Records drawn from a dataset:
*** Begin section ***

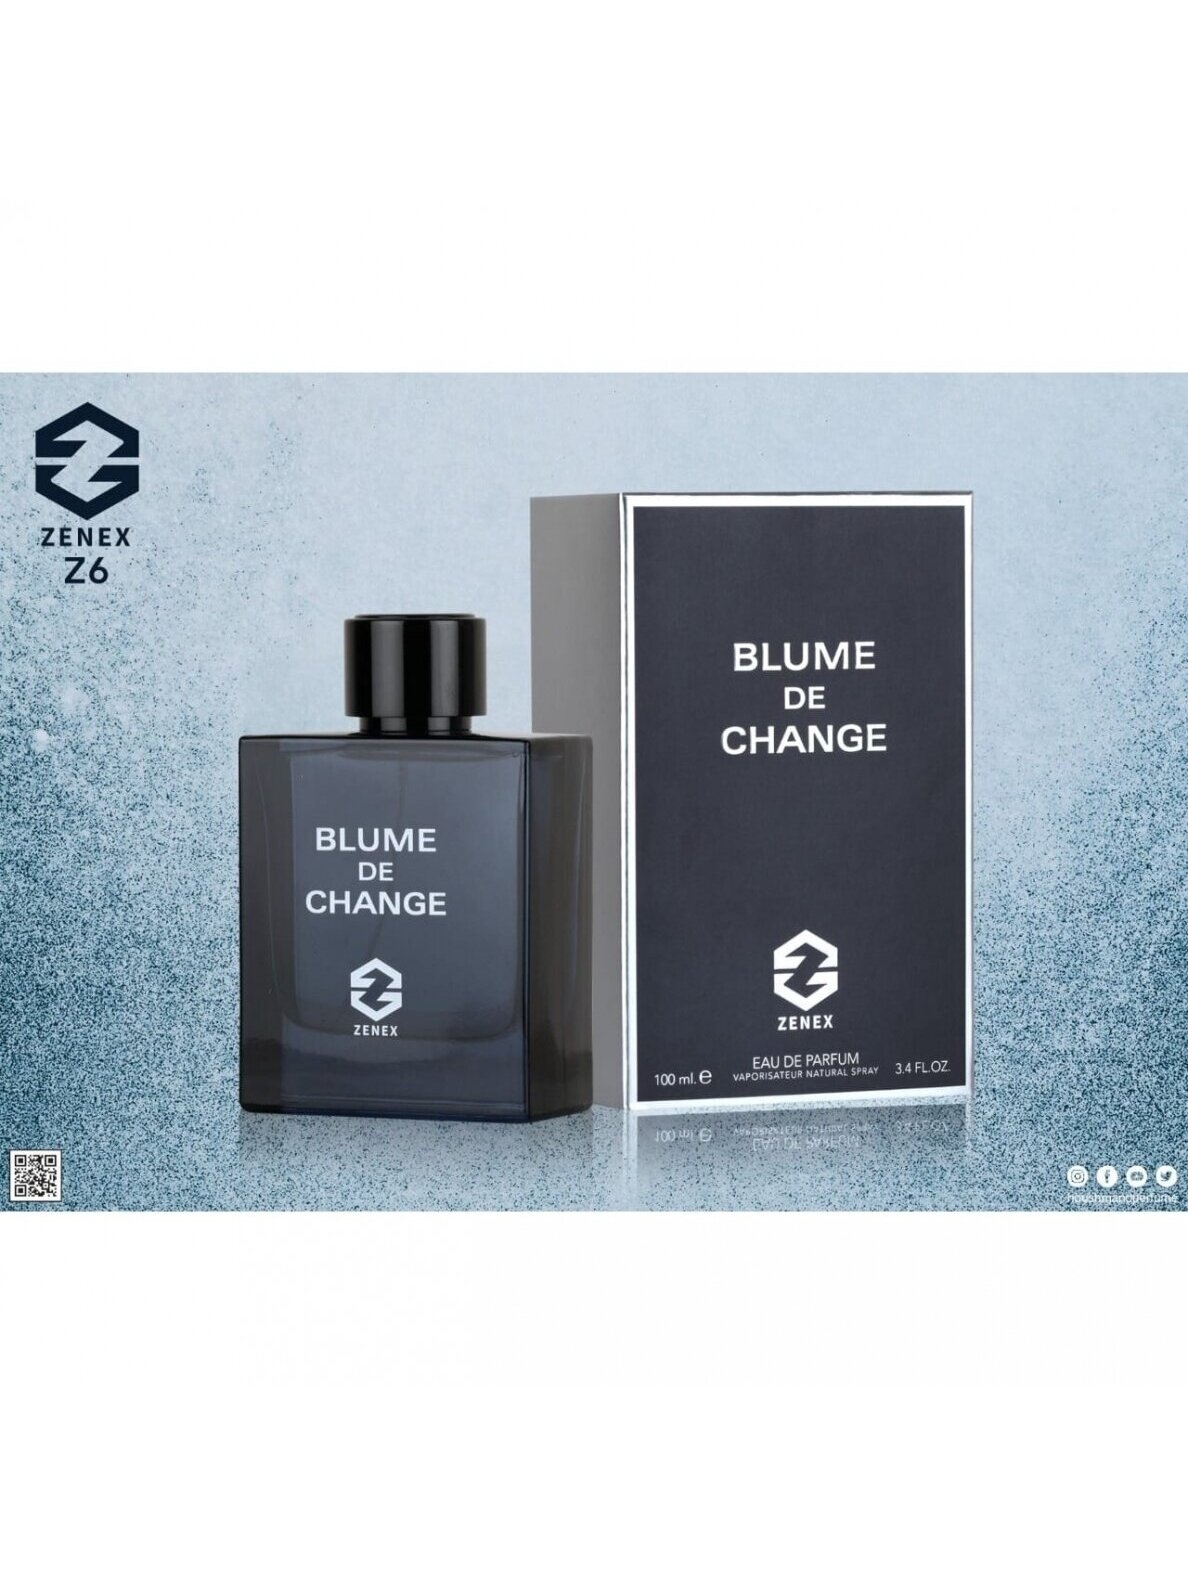 Blume de Change (Chanel Bleu de Chanel) arabic perfume
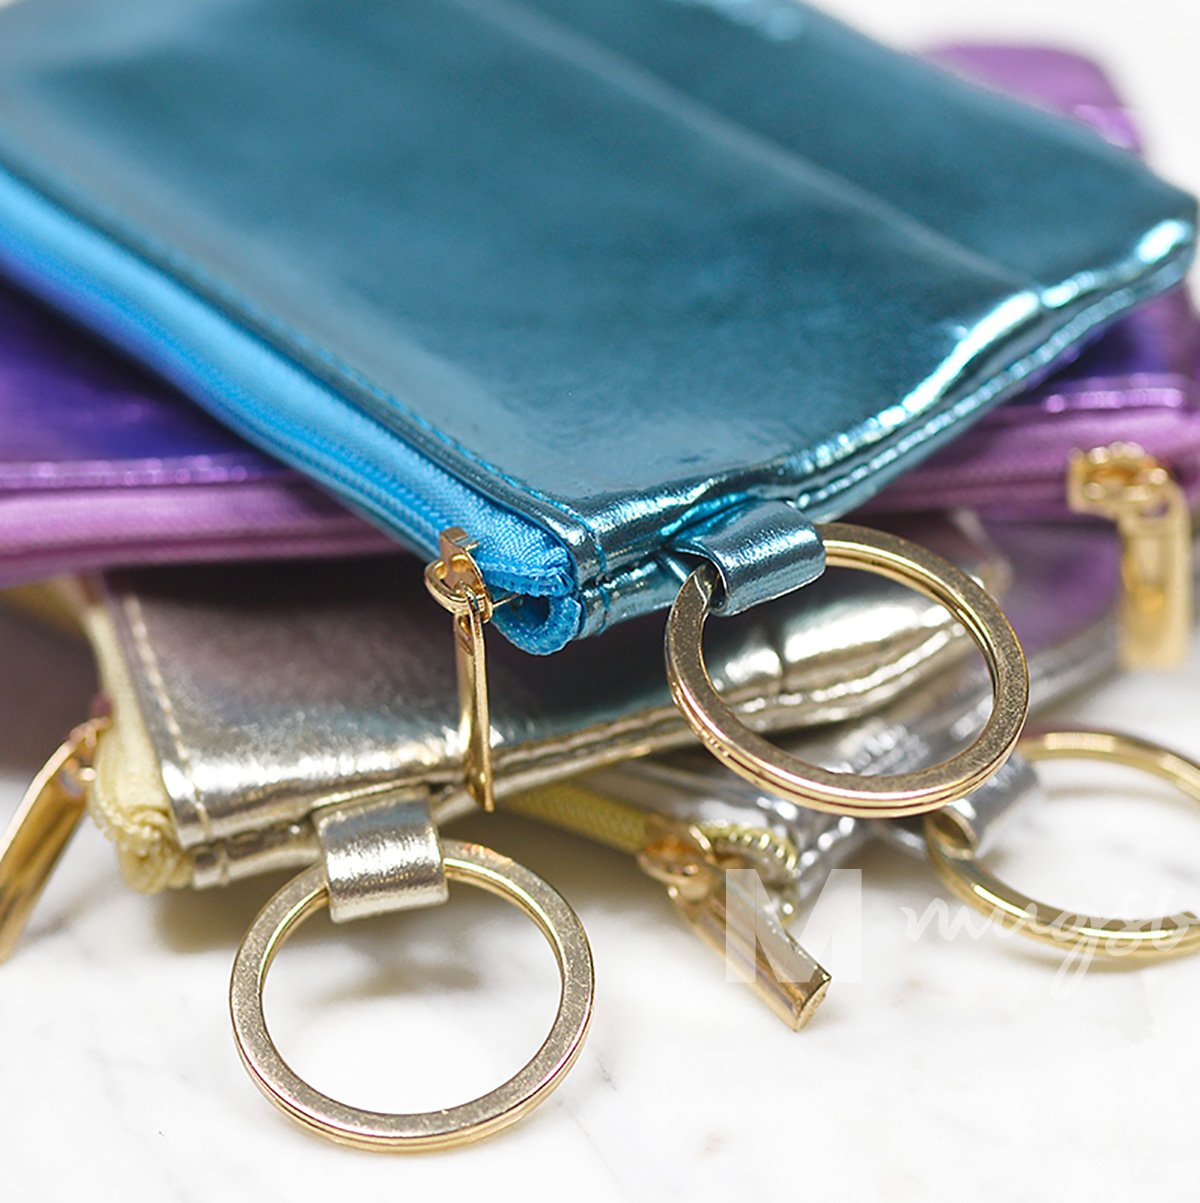 Blue Metallic Key Ring Wallet
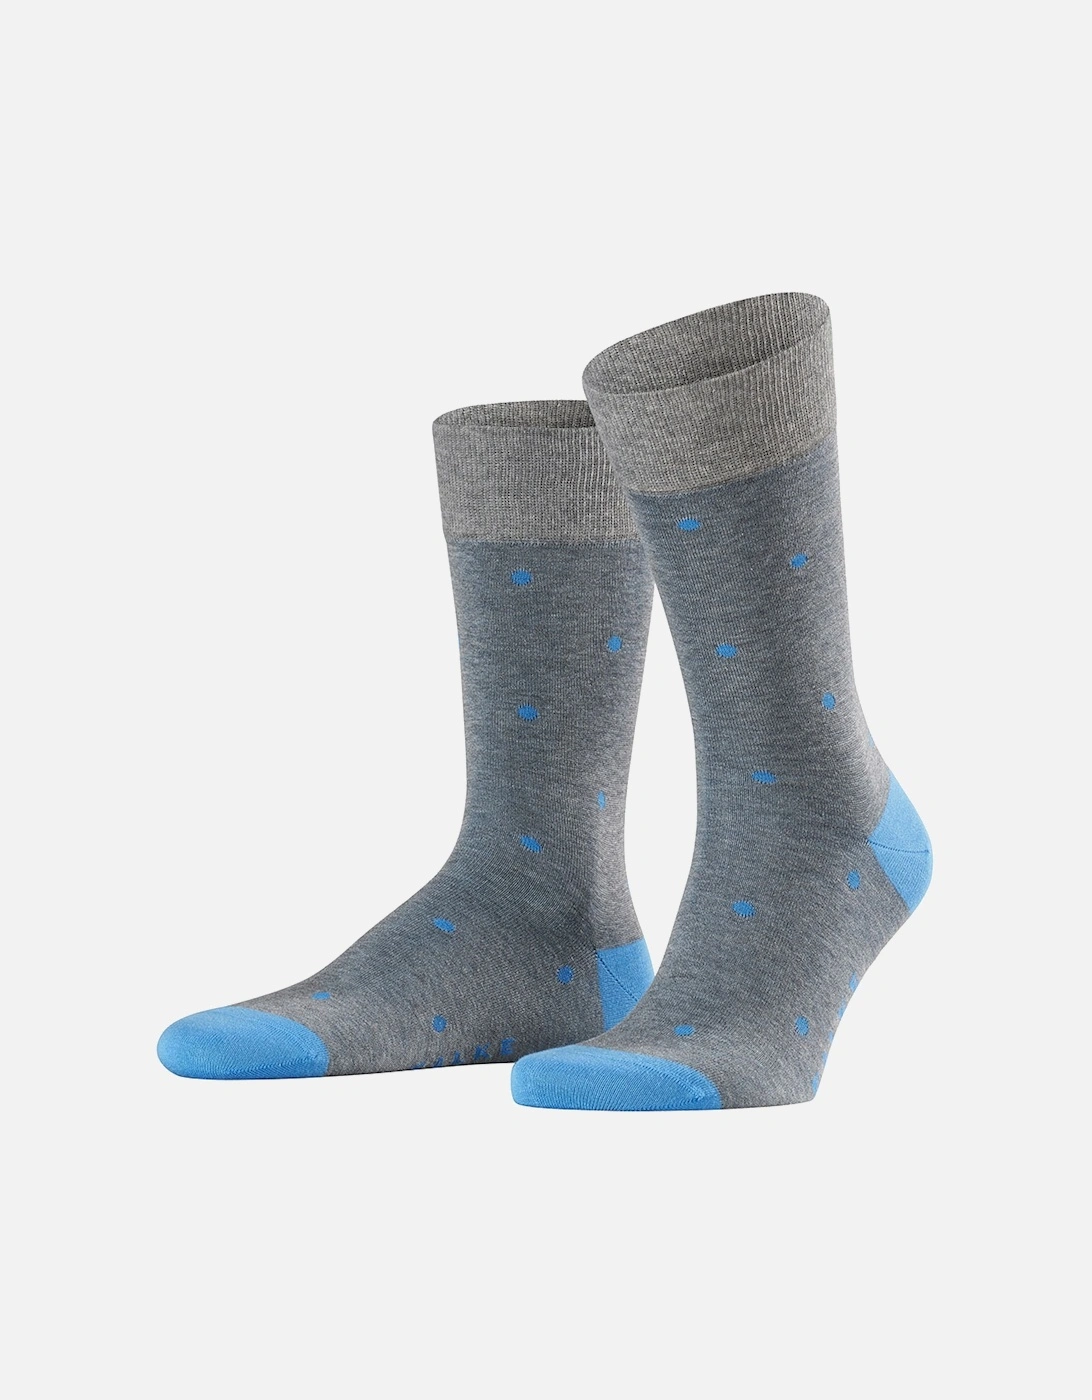 Dot Men's Socks, 2 of 1
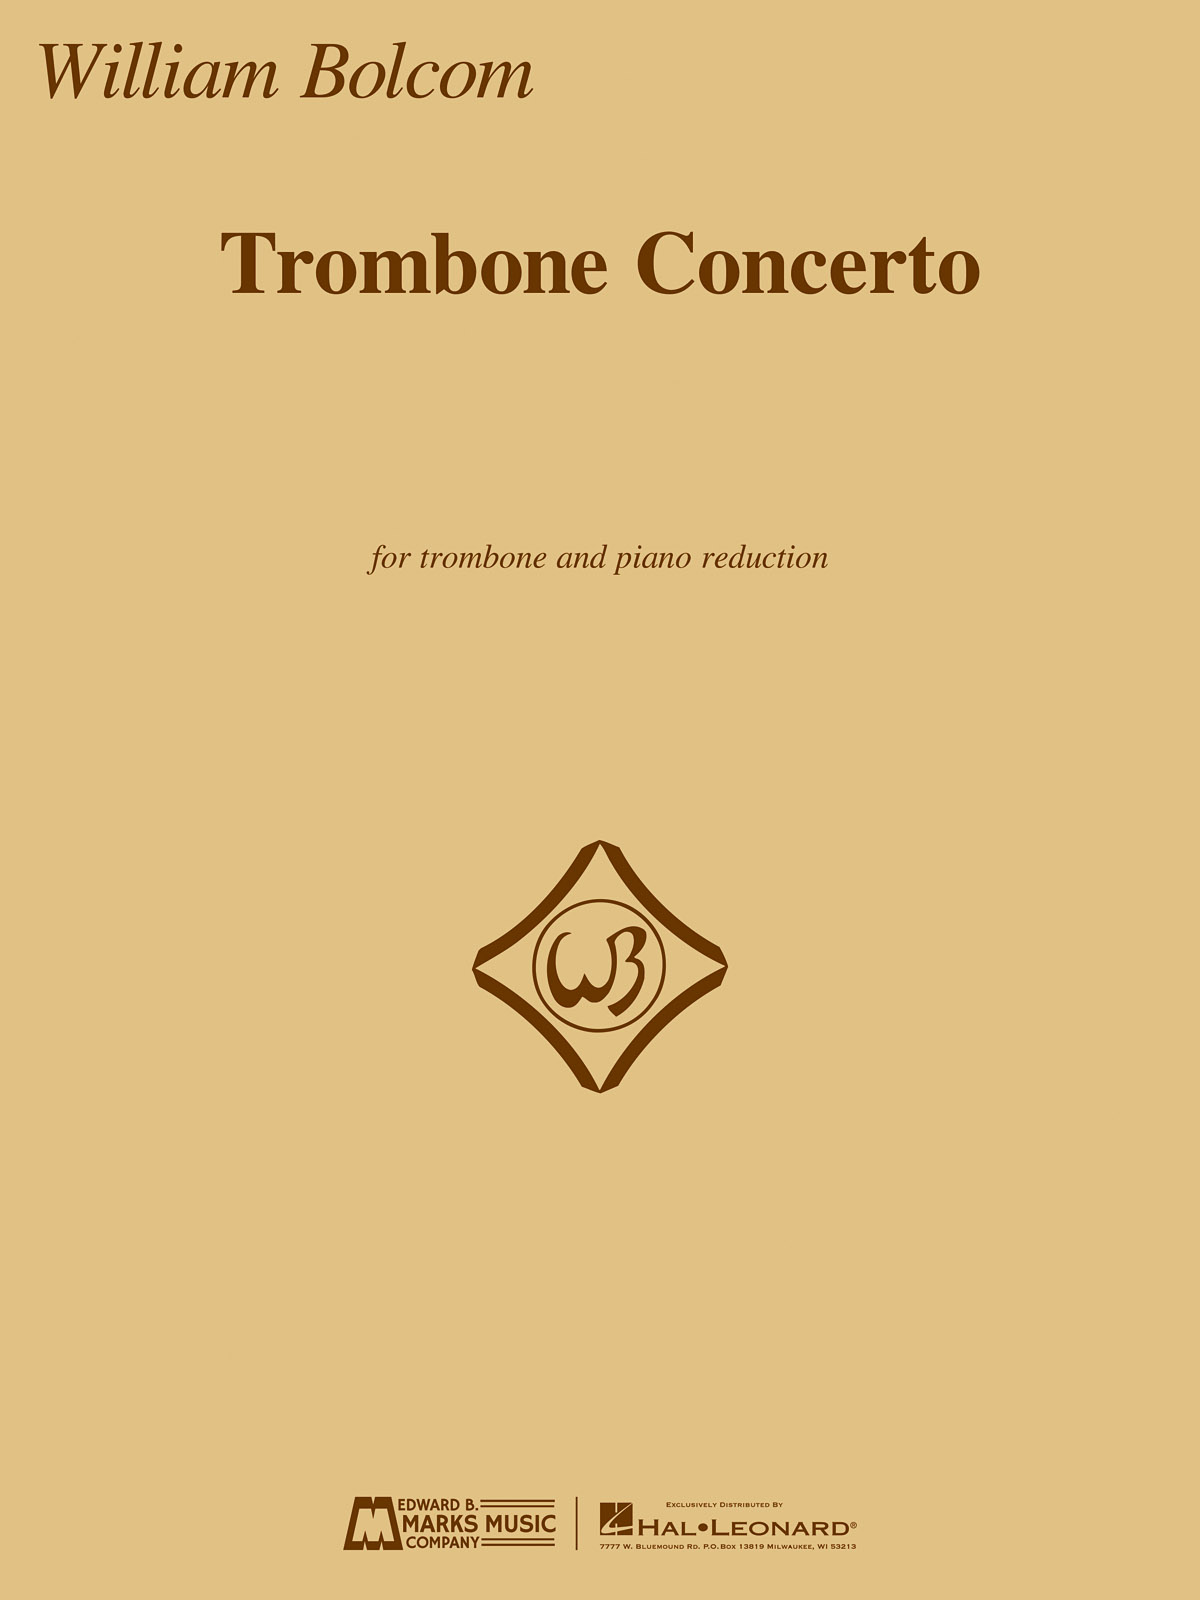 William Bolcom: Trombone Concerto
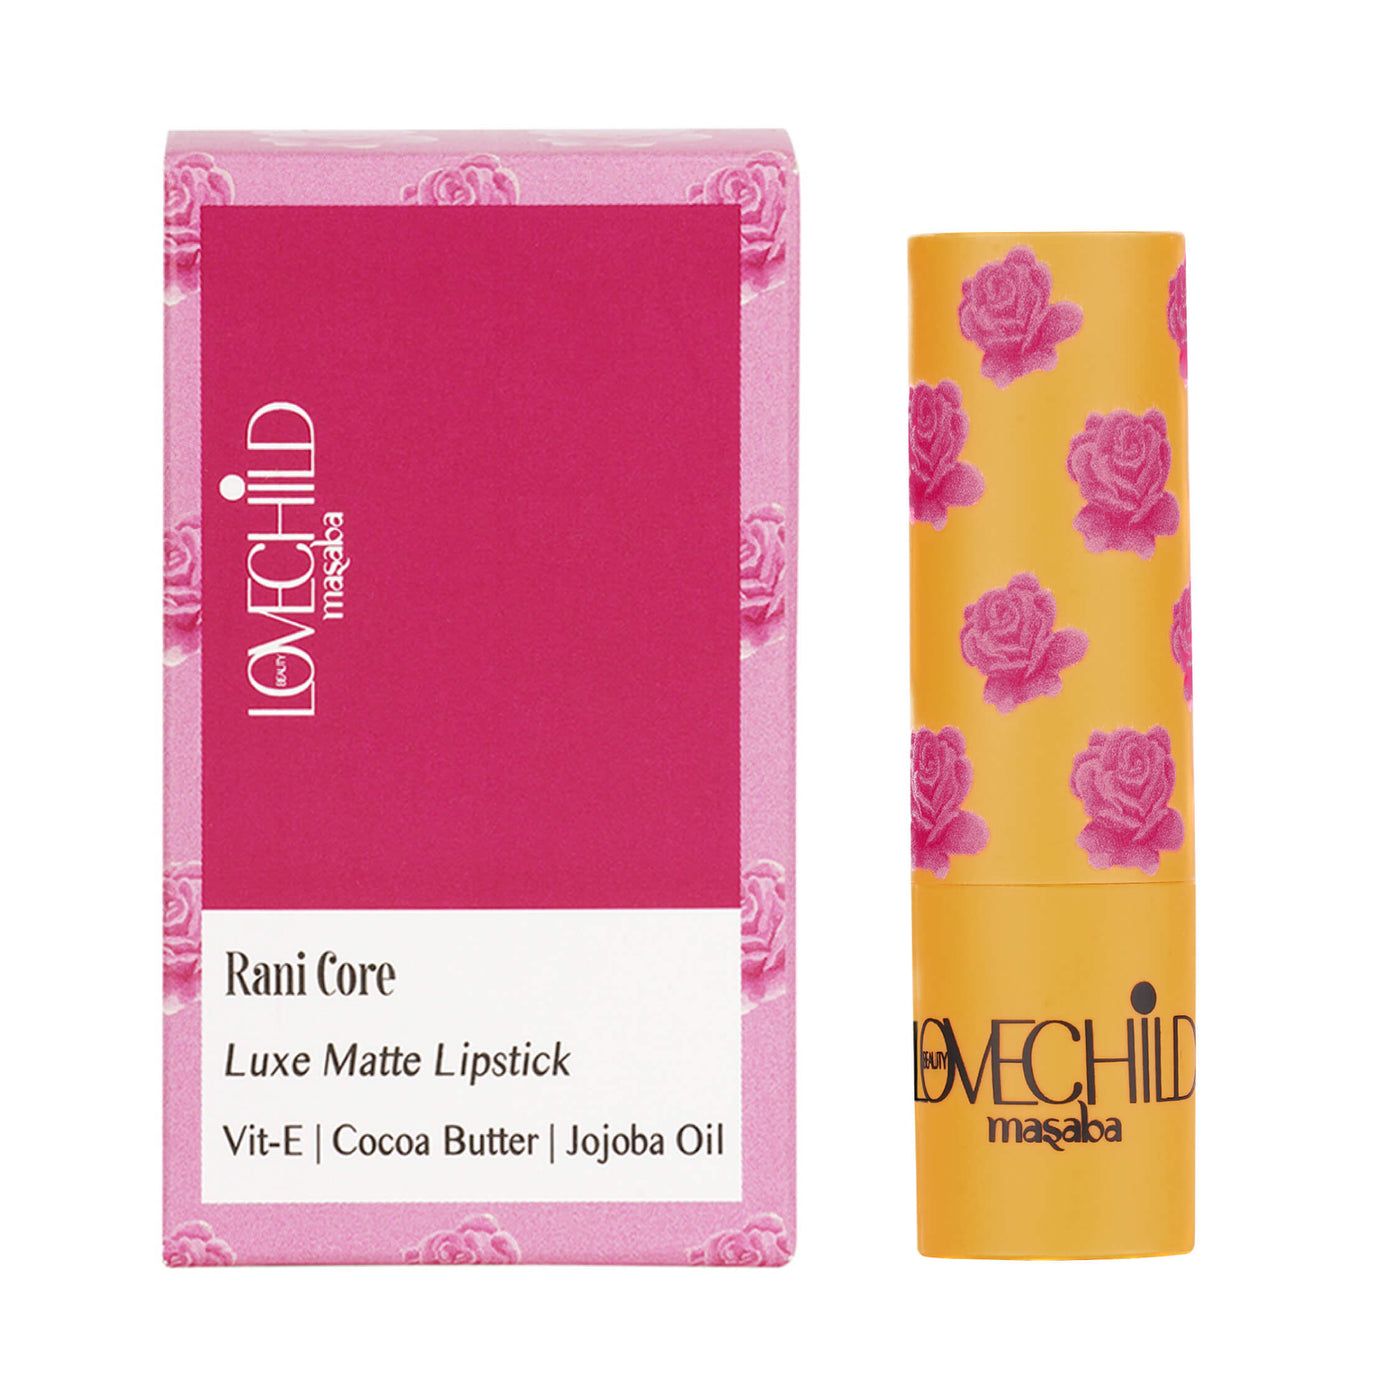 Rani Core Luxe Matte Lipstick  Peri-peri pink

*** End section ***

■ **Assigned task**:
Exact wording is required throughout: write out all the records, but no pictures.

■ **Response**:
 Blume de Change (Chanel Bleu de Chanel) arabic perfume
 Blue Metallic Key Ring Wallet
 Dot Men's Socks, 2 of 1
 William Bolcom: Trombone Concerto
 Rani Core Luxe Matte Lipstick  Peri-peri pink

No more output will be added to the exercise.